In last week’s column about grief, I suggested that all of our personal losses, such as the death of a loved one, have financial aspects. These may range from a severe reduction in family income because of a divorce or the death of a wage earner, to the complexities around an inheritance or other financial gain, to the need for someone who has never dealt with family finances to take over managing the money.
Whatever the circumstances may be, a common denominator is that survivors are faced with making money decisions and dealing with finances while they are grieving. Over the years, I’ve supported many clients through times of loss and transition such as divorces, deaths of parents or spouses, business failures, and natural disasters. Following are some of the things I’ve learned:
- Paying attention to money matters, even in the first days following a loved one’s death, is not unfeeling, disrespectful, or a sign that someone is not grieving. It is a necessary part of the financial consequences that come with such a loss.
- Everyone grieves differently, and at times it may be hard to witness someone’s mourning. Even in a business or financial context, tears and other expressions of emotion are not necessarily “excessive” or “inappropriate.” It may be helpful for an advisor or other professional to suggest taking a break; it almost never is helpful to minimize or avoid someone’s feelings because of the listener’s own discomfort.

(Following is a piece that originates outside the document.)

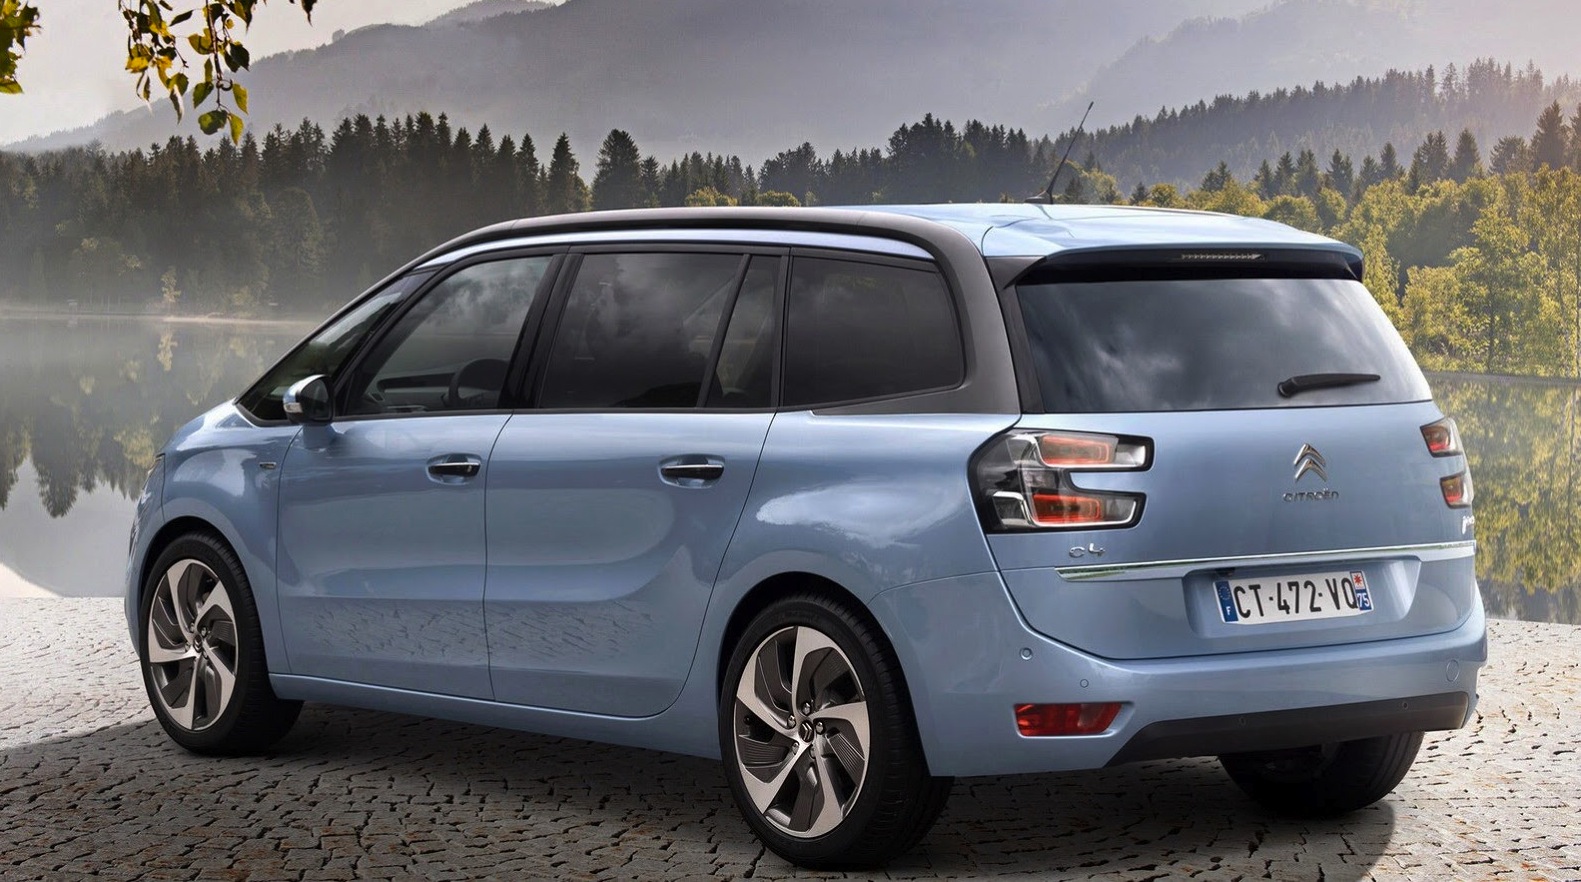 Citroen C4 Grand Picasso French seven seater revealed photos CarAdvice

- It is possible and even desirable to temporarily set aside deep emotions, focus on financial or legal matters that need your attention, and then move back into your emotions. I remember doing this “bookmarking” years ago to deal with my sadness and anger when my former wife and I were working with a mediator to settle the financial terms of our divorce. During the mediation sessions, I was able to focus on the negotiations. During breaks, I would go home and beat on a pillow with a foam bat, discharging my anger in a physical way without hurting anything or anyone, including myself. Then I could go back to the next session and discuss terms with reasonable objectivity and calm.
- There is nothing wrong with asking for help. A trusted friend might help with essentials like notifying insurance companies, organizing financial information and prioritizing tasks, and supporting you while you cope with pressing financial decisions that cannot be put off. I have at times accompanied clients to appointments with estate attorneys, just to serve as a “backup brain” in case they have trouble focusing.

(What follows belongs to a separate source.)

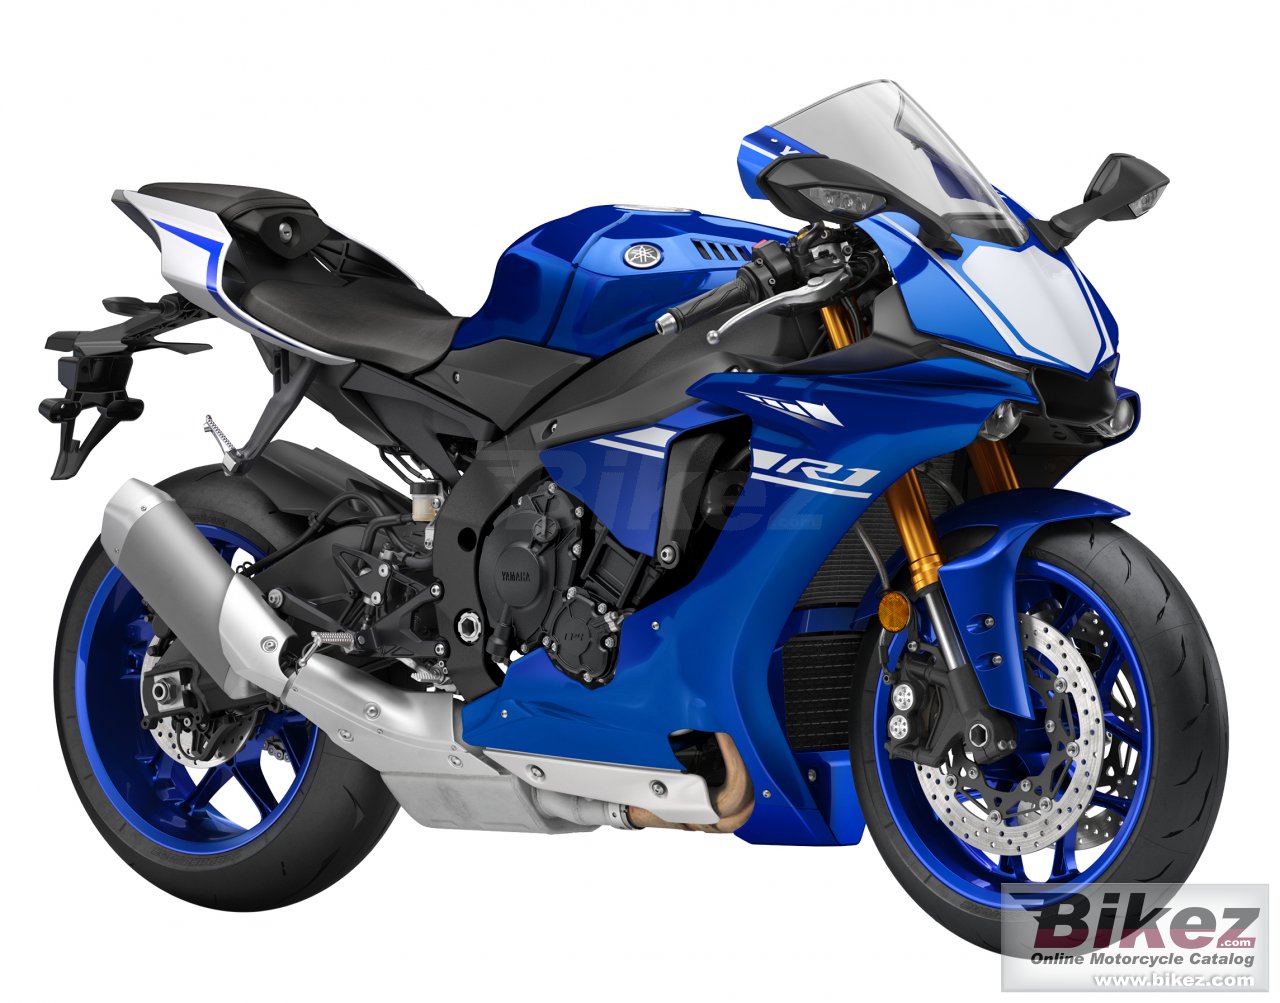 The YZF-R1 Motorcycle Poster

- Grief is not a problem to be solved but a process to be lived through, whatever form it may take. It is a major transition, and any transition includes three stages: an ending, a period of passage while we relate and adapt to the change, and a new beginning. In the ending and passage stages of a transition it’s important to reach out for help and guidance. Many financial therapists and financial planners are Certified Financial Transitionists (CeFT), with specific training and tools to help people move through the financial aspects of grieving.
- Listening is sometimes the most valuable form of support. Whether you are meeting with an attorney or accountant as the executor of a loved one’s estate, working with a financial advisor, or spending time with family and friends, being heard matters. It is appropriate and reasonable to expect to be listened to with respect and not dismissed with platitudes. Telling the story of your loss is part of the process of grieving. The financial consequences and impact of a loss are part of that story.